Ex Dragon Formigal – 37 Signal Regt (V)

Exercise Dragon Formigal was a 37 Sig Regt adventurous training exercise in the Aragon region of the Spanish Pyrenees, held over the period 04-17 August 2014. The aim was to complete two treks along sections of the GR11 and to also introduce participants to mountain biking along some of the trails within the region.

The mountain bikers spent their first day getting introduced to bike maintenance and mountain biking techniques followed by an introductory route down to the village of Torla. The trekkers got dropped in the village of Formigal, which had lent its name to the exercise, and followed the GR11 to the Refugio de Respomuso. The clouds built up during the early evening and lightning flashed across the mountains, followed by the rumble of thunder. We set up camp as the heavens opened, and raced to get the tents up as we were pelted with hailstones and rain. The base camp at Bujaruelo didn’t escape and the stores tent with spare personal clothing and equipment flooded and everything got a good soaking and needed to be dried the following day.

The following day dawned clear and cooler which was a relief as the trekkers had a 700m climb to reach the Cuello de Tebarray. After an interesting final scramble up some loose rock we reached the Cuello (Col) which looked down onto a hanging lake on its far side. Our descent took us down through a large patch of standing snow and not wanting to miss an opportunity everybody put on waterproofs and slid down as fast as gravity would let them, which wasn’t very.
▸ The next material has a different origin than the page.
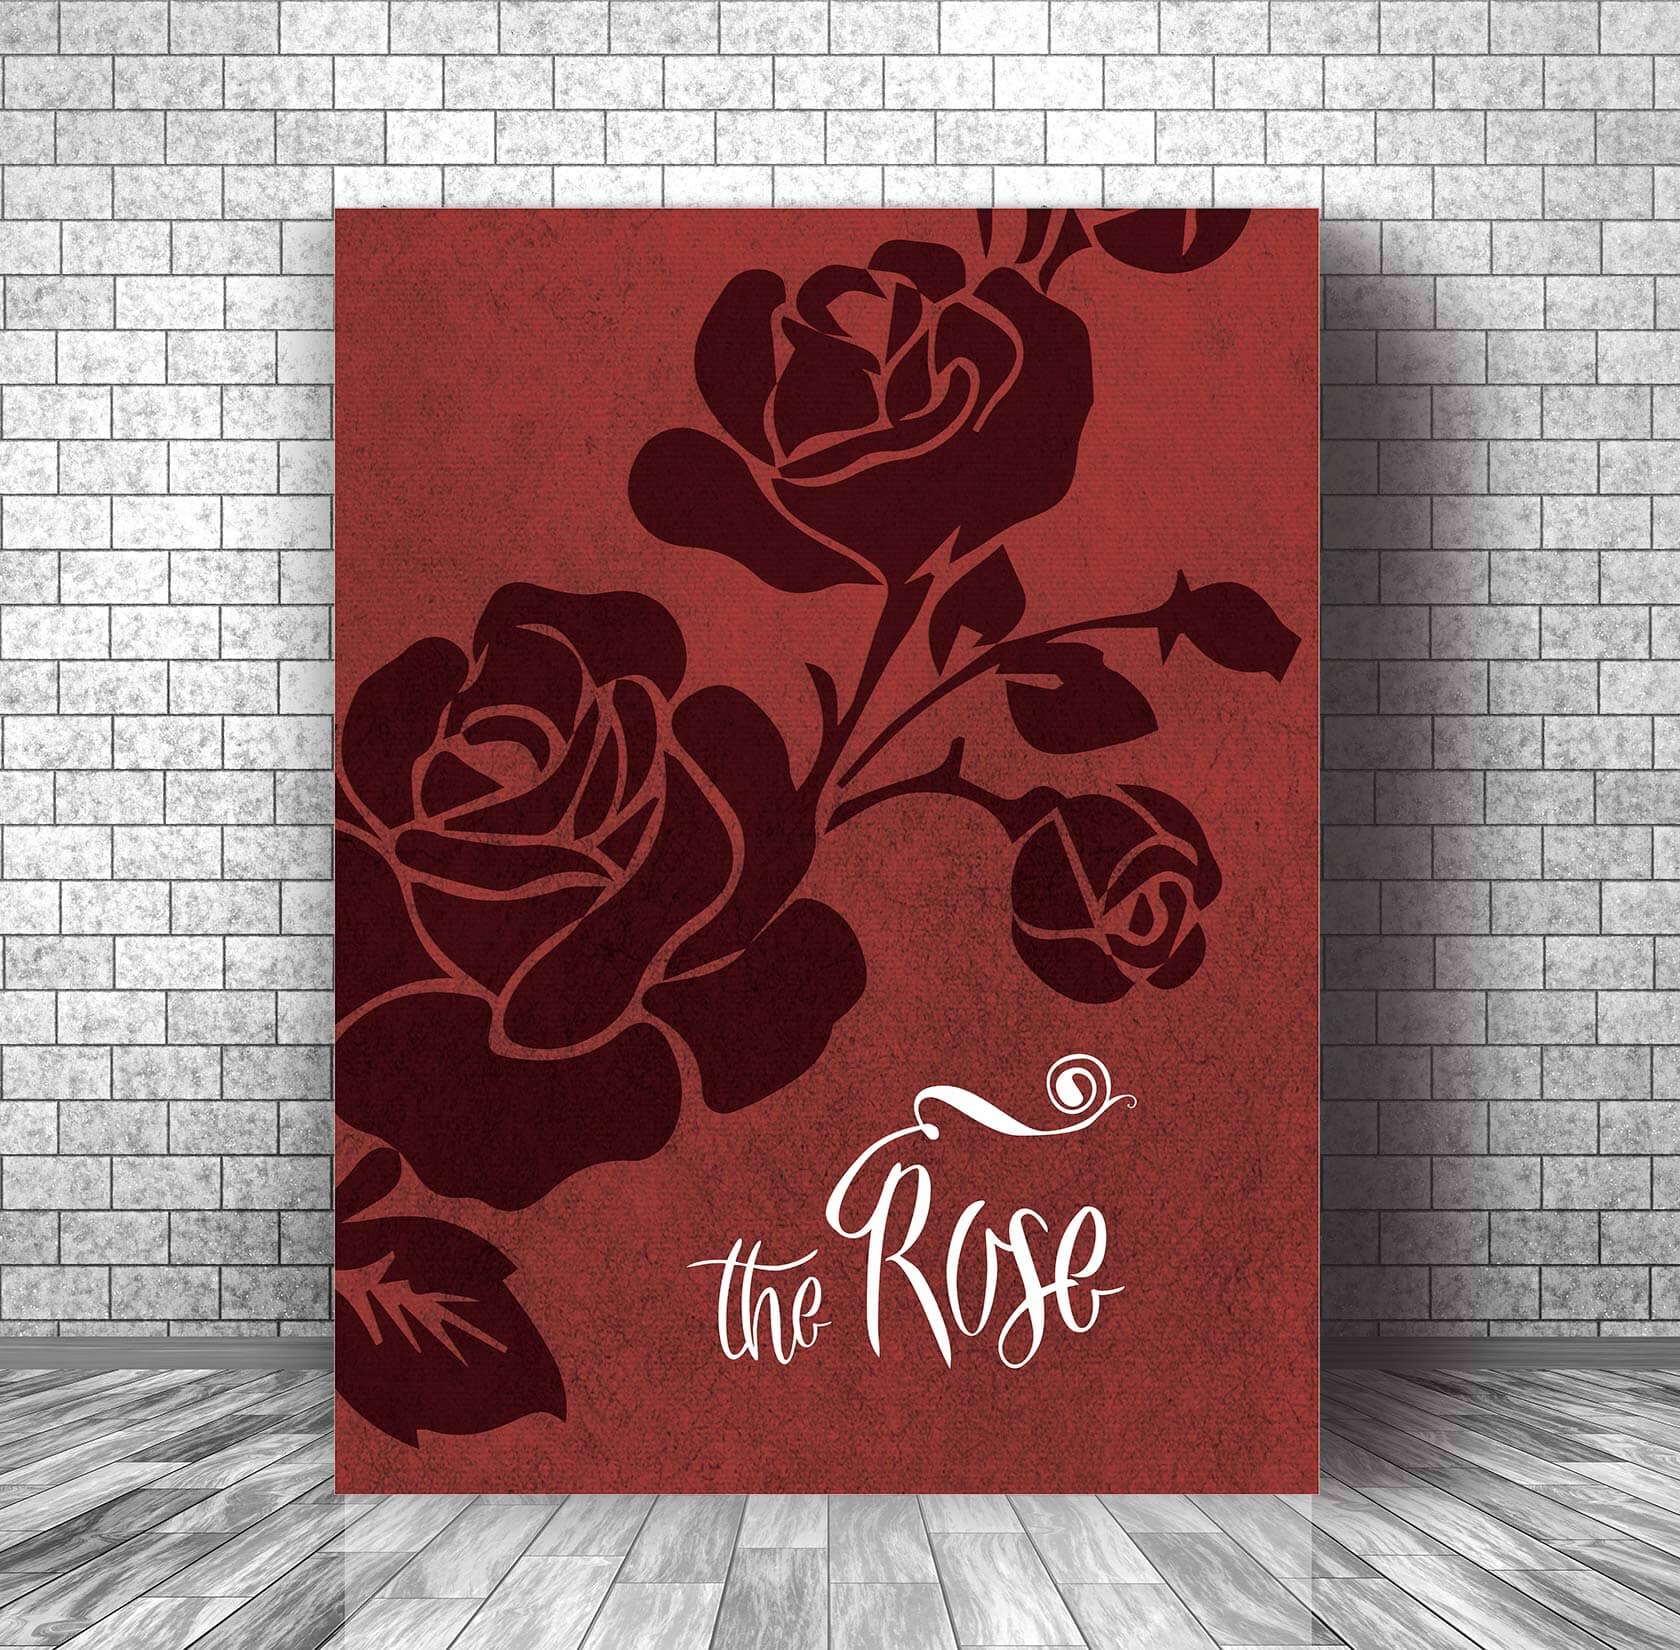 The Rose by Bette Midler - Lyric 70s Music Love Song Print Song Lyrics Art Song Lyrics Art 11x14 Canvas Wrap

A very footsore group arrived at the Refugio de Panticosa in the evening and the first of a number of changes to the original expedition routes was made on the following day. The third day was a morning’s walking to the village of Panticosa, where after an ice cream and a coffee we were met by the welcome sight of SQMS Ali Nash and his minibus.

The mountain bikers (when they hadn’t been trying to stop tents blowing away in the storm) had attempted several routes with varying degrees of success. The mountain bike routes marked on the maps required more ability than some of our group of novices had and mountain bike pushing was a better description of some of the days.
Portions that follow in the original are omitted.